Exercise details: Your answer should be the exact lines of the records, starting with the one containing "Fertigvorhang Gerd, ca." and running to the end.

Dataset content:
======
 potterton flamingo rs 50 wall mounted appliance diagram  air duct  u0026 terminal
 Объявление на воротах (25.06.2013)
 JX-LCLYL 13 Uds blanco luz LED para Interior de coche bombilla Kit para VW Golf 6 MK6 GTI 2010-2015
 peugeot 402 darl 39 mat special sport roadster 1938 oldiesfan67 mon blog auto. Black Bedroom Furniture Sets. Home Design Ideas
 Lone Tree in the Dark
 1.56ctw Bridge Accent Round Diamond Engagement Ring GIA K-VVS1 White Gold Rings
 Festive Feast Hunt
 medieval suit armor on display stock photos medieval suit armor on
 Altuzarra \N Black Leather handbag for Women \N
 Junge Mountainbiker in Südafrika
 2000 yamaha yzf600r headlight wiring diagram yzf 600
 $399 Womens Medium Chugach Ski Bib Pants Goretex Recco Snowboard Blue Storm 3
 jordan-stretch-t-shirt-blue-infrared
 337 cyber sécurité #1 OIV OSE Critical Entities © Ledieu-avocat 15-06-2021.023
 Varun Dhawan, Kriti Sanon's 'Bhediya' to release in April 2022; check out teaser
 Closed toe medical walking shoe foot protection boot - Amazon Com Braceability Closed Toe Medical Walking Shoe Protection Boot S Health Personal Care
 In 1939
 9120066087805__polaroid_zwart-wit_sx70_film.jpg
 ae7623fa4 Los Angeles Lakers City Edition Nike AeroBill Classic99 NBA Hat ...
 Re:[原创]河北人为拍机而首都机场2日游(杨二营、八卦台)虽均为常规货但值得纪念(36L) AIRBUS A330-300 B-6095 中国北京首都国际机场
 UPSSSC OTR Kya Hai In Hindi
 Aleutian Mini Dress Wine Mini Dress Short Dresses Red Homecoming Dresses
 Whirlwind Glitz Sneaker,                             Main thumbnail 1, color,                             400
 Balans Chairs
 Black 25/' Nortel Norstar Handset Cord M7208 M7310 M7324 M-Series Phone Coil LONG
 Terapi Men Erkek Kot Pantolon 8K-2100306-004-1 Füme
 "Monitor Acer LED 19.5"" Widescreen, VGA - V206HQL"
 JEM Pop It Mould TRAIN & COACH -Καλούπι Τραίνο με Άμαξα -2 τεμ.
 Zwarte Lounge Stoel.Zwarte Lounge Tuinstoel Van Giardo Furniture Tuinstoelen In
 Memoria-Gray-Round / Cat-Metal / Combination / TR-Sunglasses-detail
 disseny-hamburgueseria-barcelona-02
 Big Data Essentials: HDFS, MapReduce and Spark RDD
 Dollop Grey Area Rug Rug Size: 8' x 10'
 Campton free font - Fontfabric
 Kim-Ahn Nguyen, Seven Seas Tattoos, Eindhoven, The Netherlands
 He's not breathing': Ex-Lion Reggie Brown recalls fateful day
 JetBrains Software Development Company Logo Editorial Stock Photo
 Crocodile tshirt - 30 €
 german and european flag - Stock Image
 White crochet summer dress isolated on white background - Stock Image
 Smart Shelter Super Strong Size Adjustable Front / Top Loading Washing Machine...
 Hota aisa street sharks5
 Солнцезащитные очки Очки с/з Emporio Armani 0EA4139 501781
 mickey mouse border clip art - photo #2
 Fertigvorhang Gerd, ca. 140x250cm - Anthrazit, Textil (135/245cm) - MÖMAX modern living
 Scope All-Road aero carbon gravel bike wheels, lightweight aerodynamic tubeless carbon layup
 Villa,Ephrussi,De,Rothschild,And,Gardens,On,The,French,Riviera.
======
Exercise result:
 Fertigvorhang Gerd, ca. 140x250cm - Anthrazit, Textil (135/245cm) - MÖMAX modern living
 Scope All-Road aero carbon gravel bike wheels, lightweight aerodynamic tubeless carbon layup
 Villa,Ephrussi,De,Rothschild,And,Gardens,On,The,French,Riviera.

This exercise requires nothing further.